The Personal Finance Society (PFS) has also said that it expects the number of firms pulling out of the DB advice market to keep on rising as the sector waits for the FCA to publish more advice.
The PFS chief executive Keith Richards, who also chairs the Pensions Advice Taskforce, said this is “in part due to the rule changes, but mainly because of the severe hardening of the professional indemnity insurance market.” This week the society enouraged IFAs to lobby their local MPs on what it sees as a stricken market for consumers.
Goldthorpe said advisors have few options. They either pay the higher premiums or sign indemnity cover that contains so many restrictions that it leaves firms basically insuring themselves, forcing them to “hold additional capital to cover their activities.”
From the insurers' perspective, financial advisors have generated the bulk of insurance claims since rules were relaxed so mostly have themselves to blame for higher premiums. Mercer, as one example in the market, was not available to comment for this article.
PII cover that used to cost IFAs around 1 to 1.5 per cent of their annual turnover now costs closer to 3 per cent, Goldthorpe said. The problem is “this could happen to good quality firms that have a fairly low risk profile,” he said, underscoring what is being seen as a scorched earth approach by regulators.
Acceptable?
At an industry event last November, Debbie Gupta, FCA director of
life insurance and financial advice defended the regulator’s
position that transfer advice is "still not of an acceptable
standard".
"Professional indemnity insurance is in place to protect both firms and consumers and they must serve the purpose for which they are needed,” she reportedly told delegates.
"We expect firms currently offering defined benefit transfer advice to have appropriate professional indemnity insurance in place, in line with our rules. If advisors do not have appropriate cover they should not be advising on defined benefit transfers now or in the future,” Gupta warned. "That includes stopping any pipeline business."
This newswire has contacted the FCA about any subsequent guidance and may update in due course.
Asked how members of PIMFA are being advised, Ian Cornwall, director of regulation at the professional finance body, told WealthBriefing that while the cost of getting PII coupled with the ongoing funding of FSCS compensation are “major costs” and “challenging” for firms, this should ultimately be reflected in the prices they have to charge for their services.

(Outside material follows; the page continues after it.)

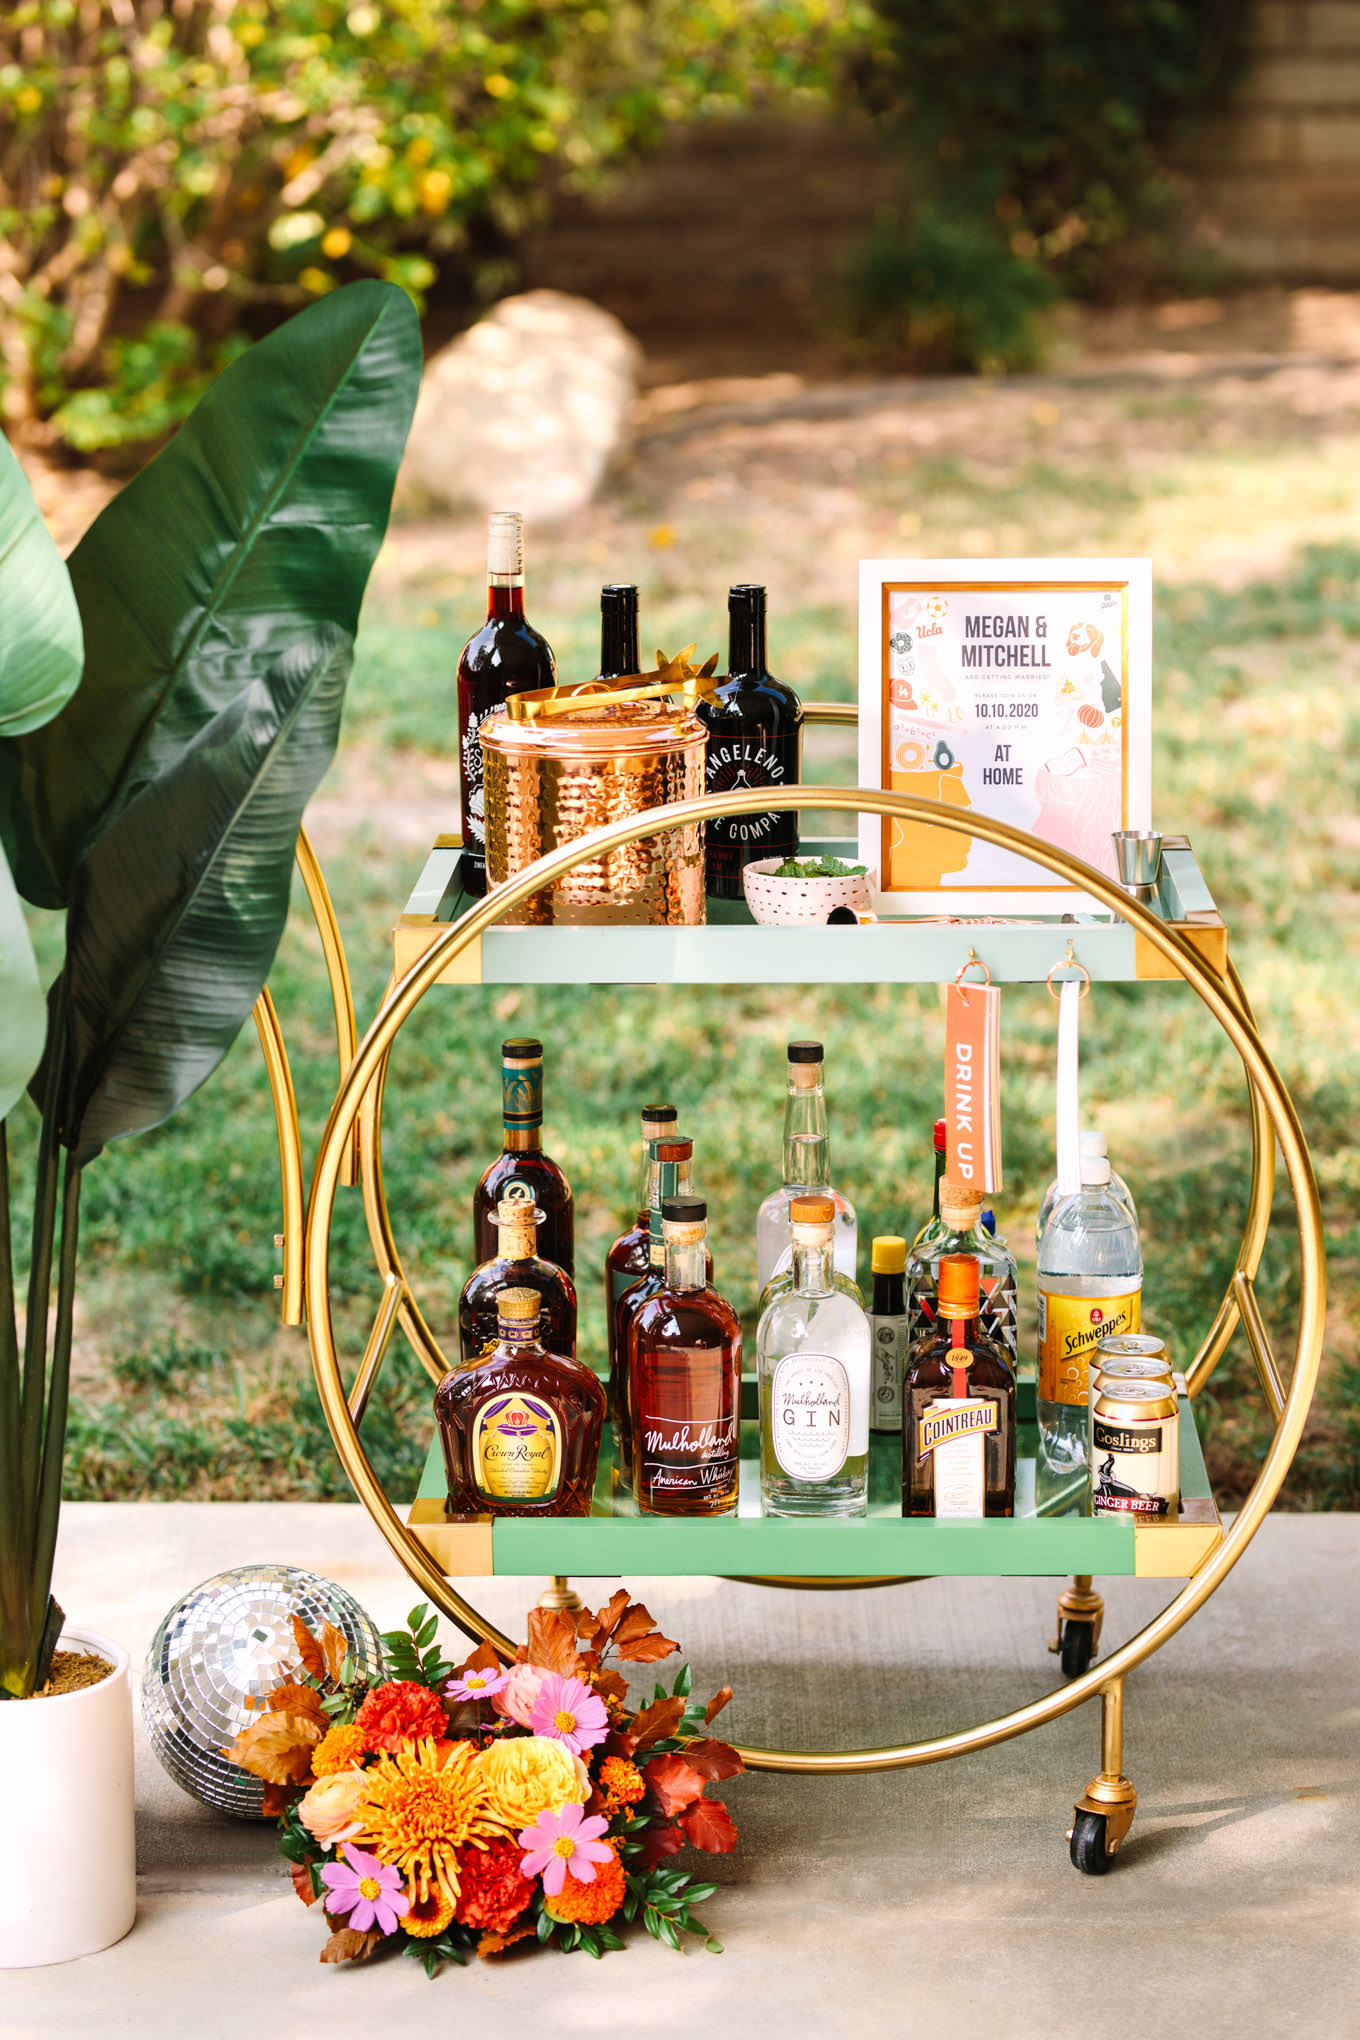 Unique beverage cart for wedding reception | Vibrant backyard micro wedding featured on Green Wedding Shoes | Colorful LA wedding photography | #losangeleswedding #backyardwedding #microwedding #laweddingphotographer Source: Mary Costa Photography | Los Angeles
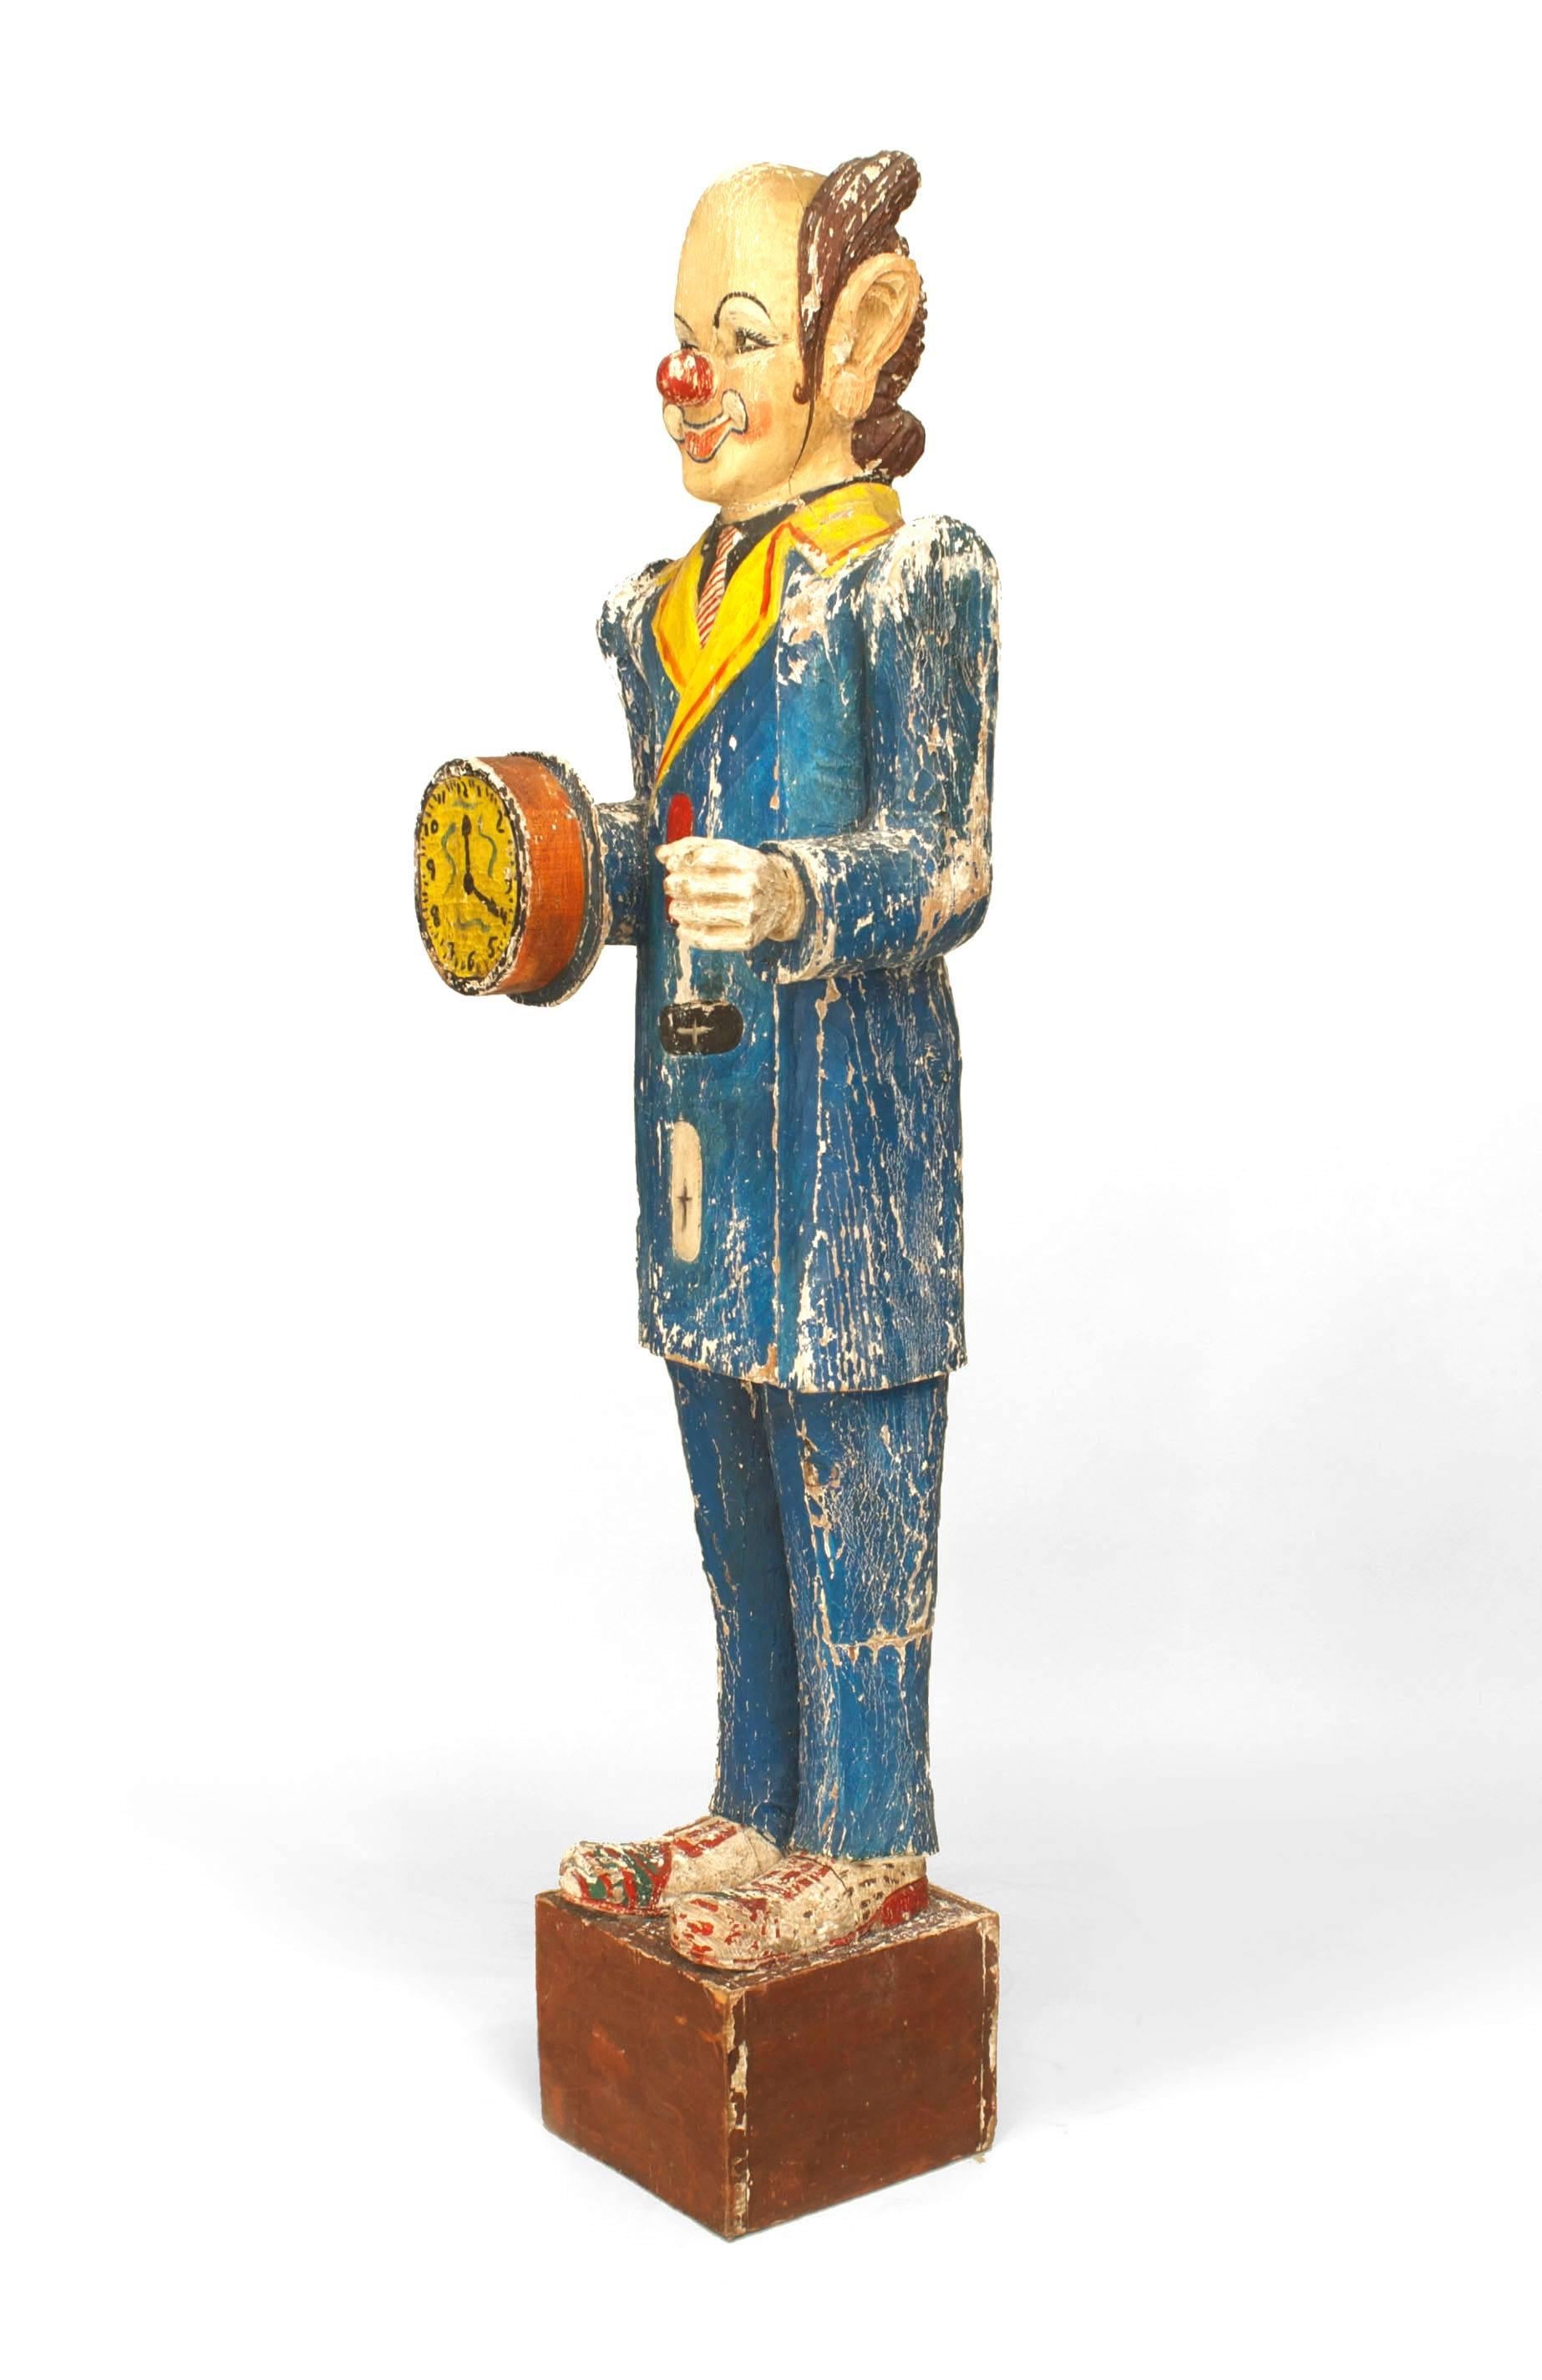 American Country style (mid 20th Cent) carved life-size wood figure of a circus side show clown holding a clock-face hat with a gesso and painted surface (possibly made by Boston Carving Co.)

“Firms need to ensure their PII renewal forms are complete and accurate and that they are submitted to their broker as soon as possible so that underwriters have ample time to consider the information and if necessary engage with the firm and their broker,” Cornwall said.
David Inglesfield, CEO at IWP, a services provider to IFAs across the UK, told this news service that while higher renewals and excesses for IFAs are “understandably concerning, one has to recognise that the hypothetical maximum loss values that have been talked about in the sector greatly exceed the premium value of the market, so it’s no surprise that insurers are feeling stressed."
Inglesfield said it is more a question of strength in numbers on how IFAs respond. “One of the trends we are seeing is IFAs seriously considering joining organisations such as ours, both for help in validating the robustness of past advice, as well as in potentially improving their insurance terms.
“On a more positive note, IFAs should remember that insurers do look at individual book quality, and if a firm can evidence high standards they should expect a better premium. However, even for the best cases, premiums are likely to continue to rise”.